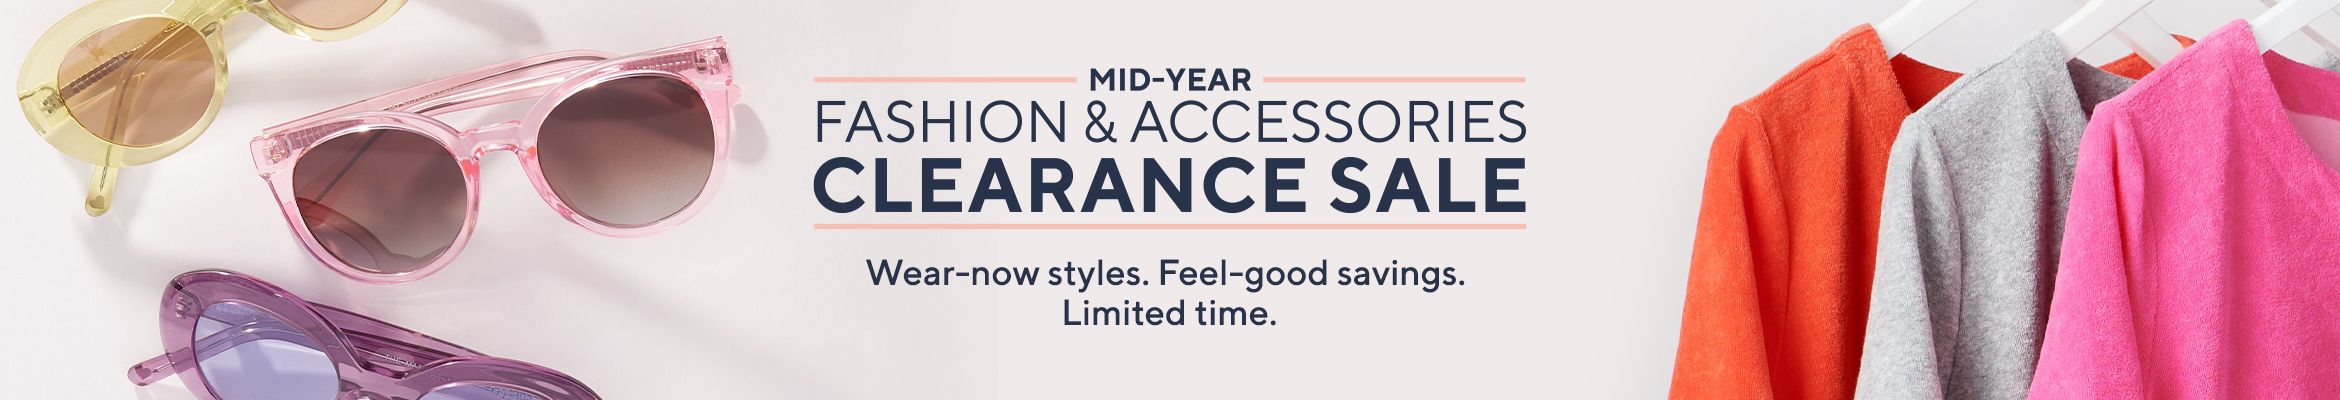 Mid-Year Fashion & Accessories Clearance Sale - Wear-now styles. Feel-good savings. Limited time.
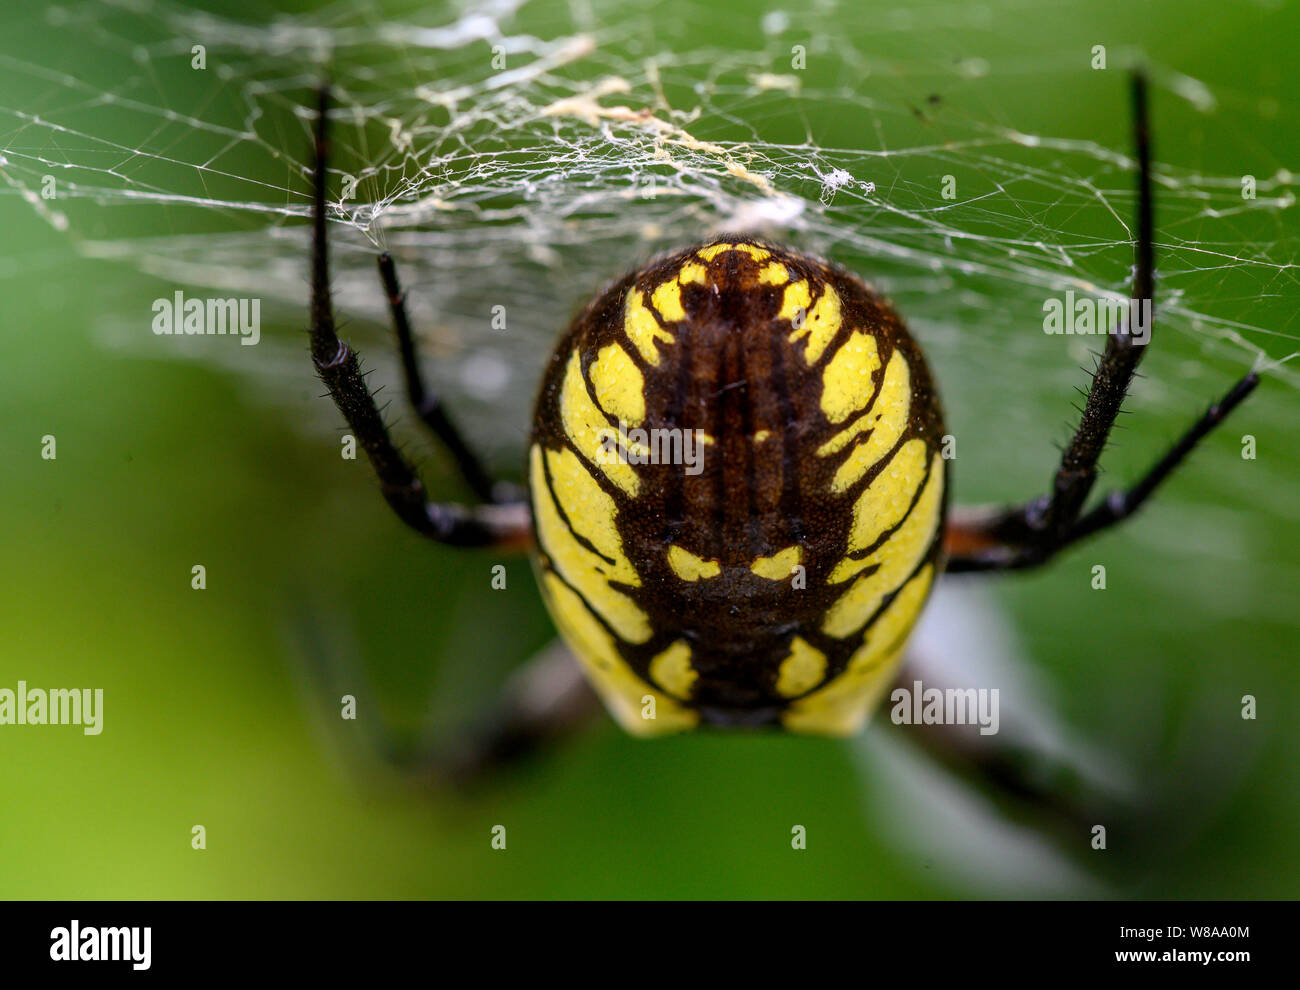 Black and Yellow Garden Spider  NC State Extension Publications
==
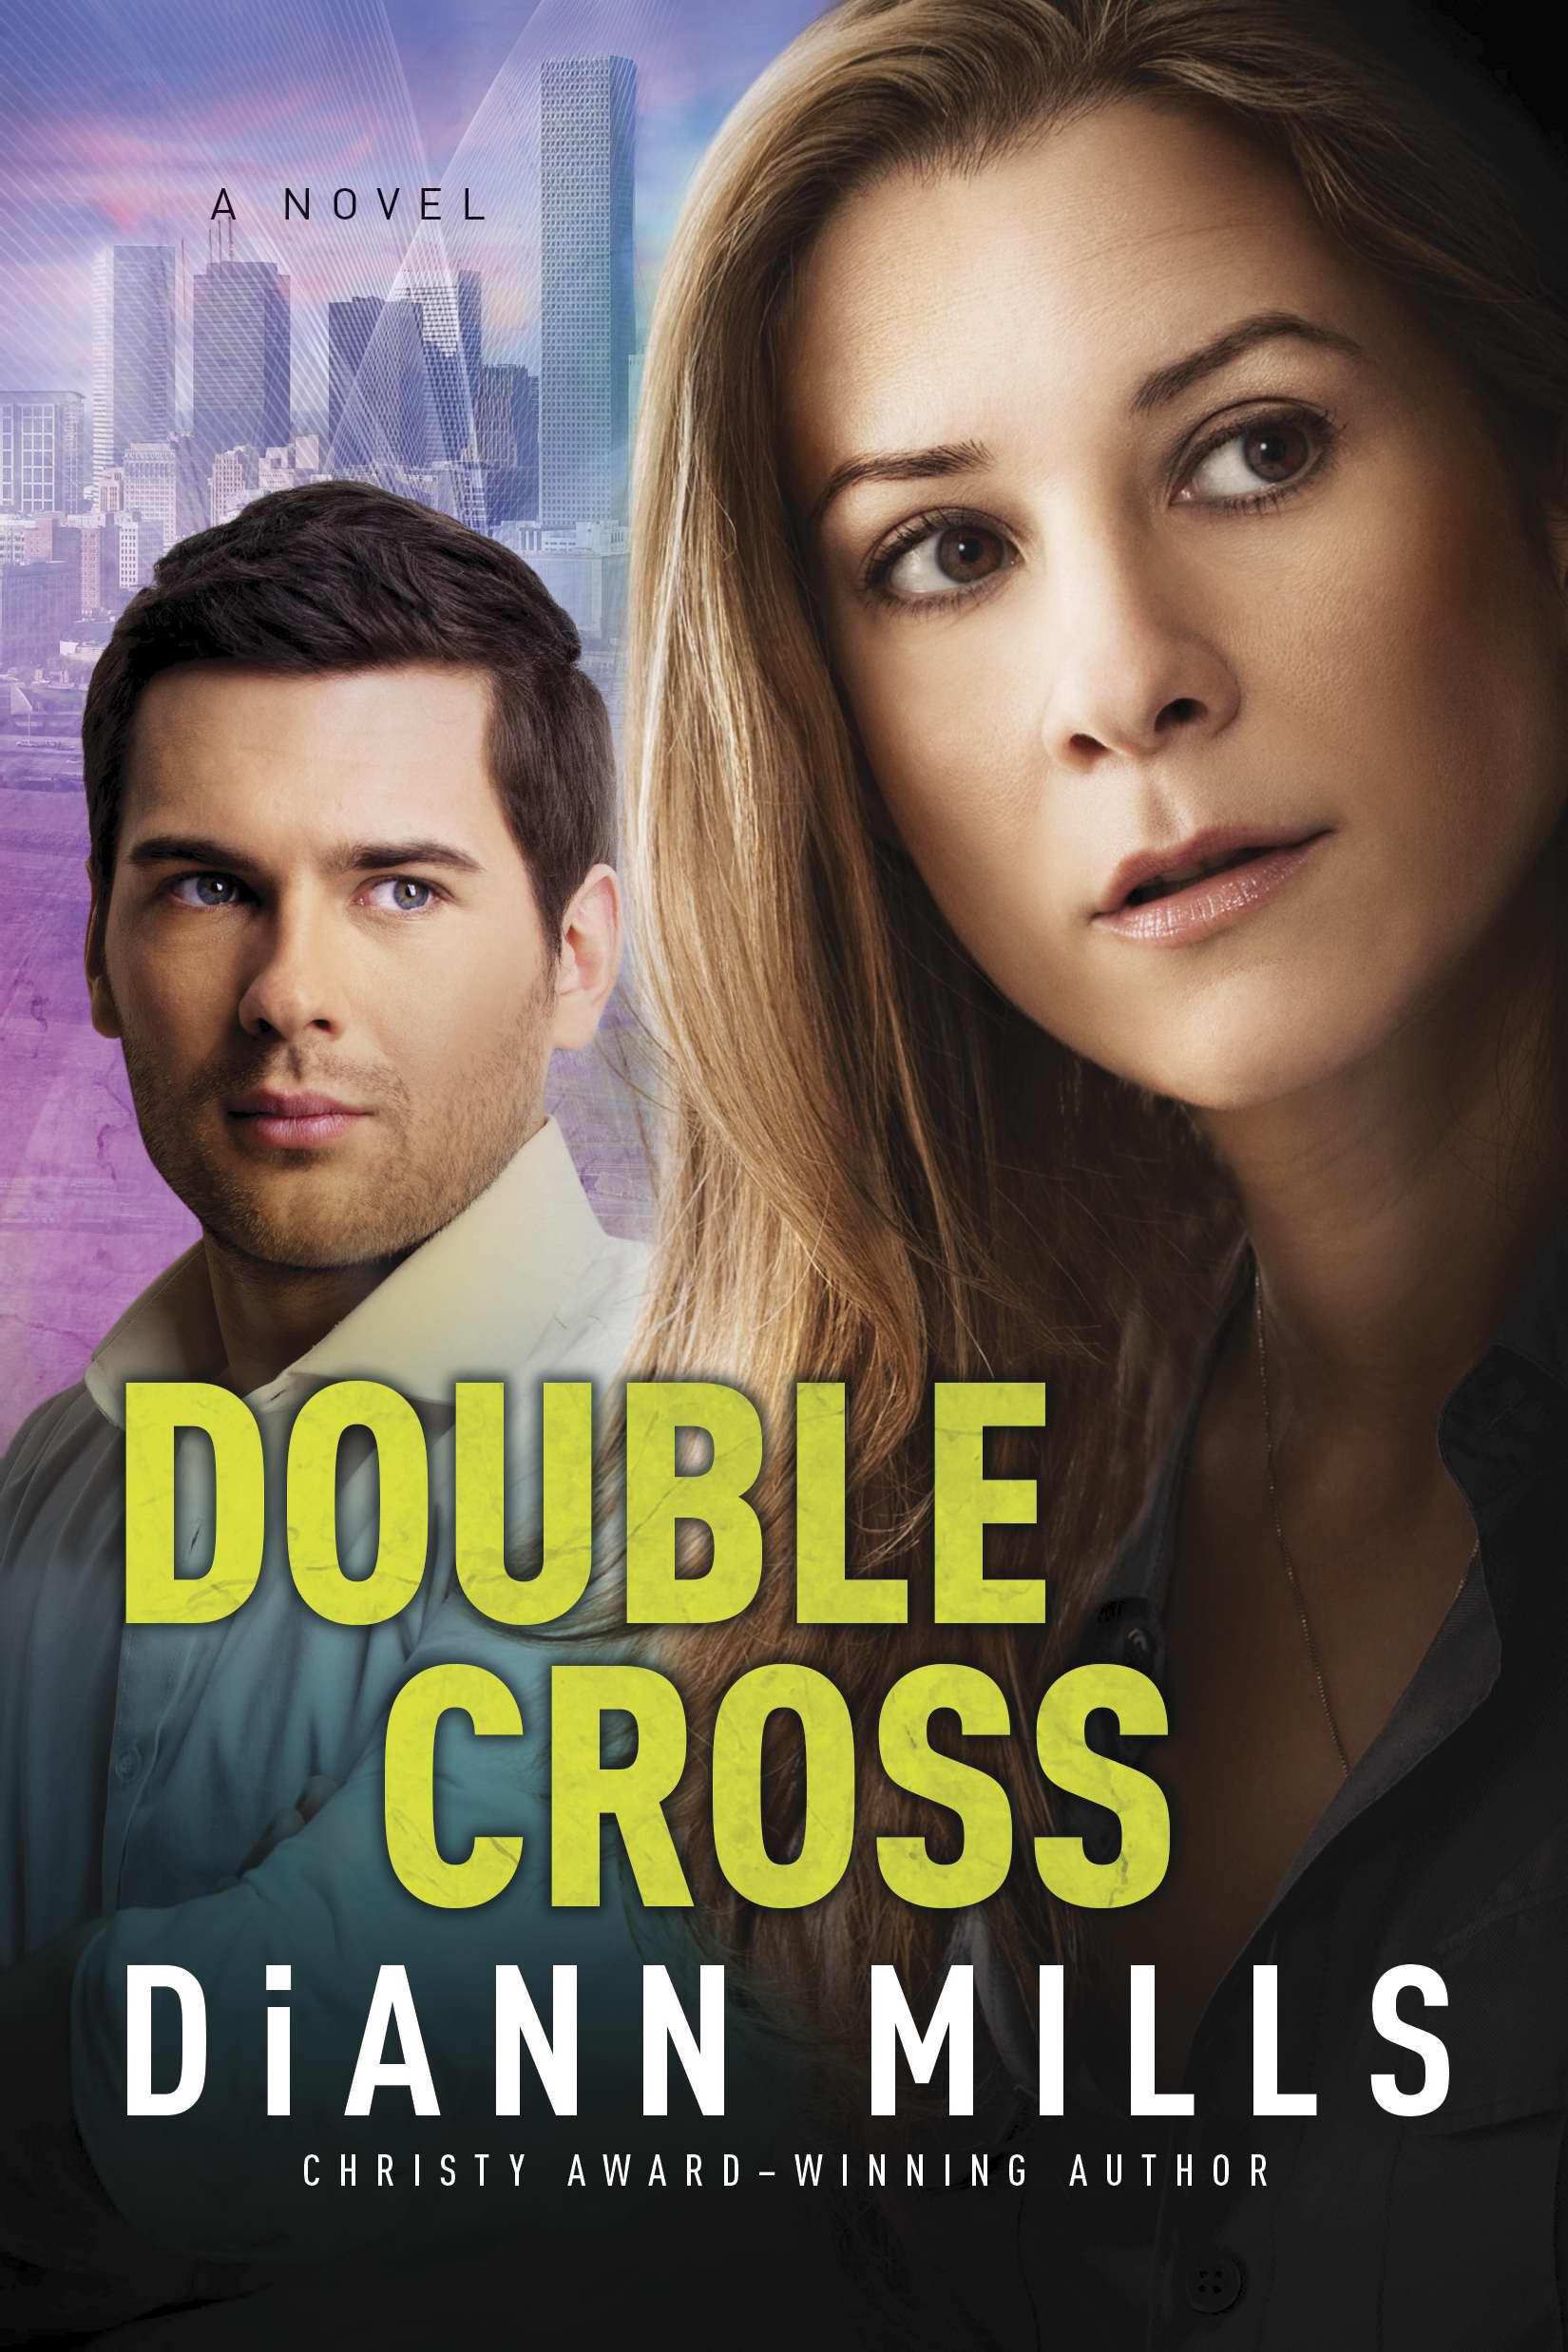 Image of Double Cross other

YOUR TASK
Output exactly the stretch of the listing that begins at the line containing "Mid-Year Fashion &" and ends at the line containing "Black and Yellow", both kept. Omit pictures and everything else.

COMPLETED TASK
 Mid-Year Fashion & Accessories Clearance Sale - Wear-now styles. Feel-good savings. Limited time.
 Black and Yellow Garden Spider  NC State Extension Publications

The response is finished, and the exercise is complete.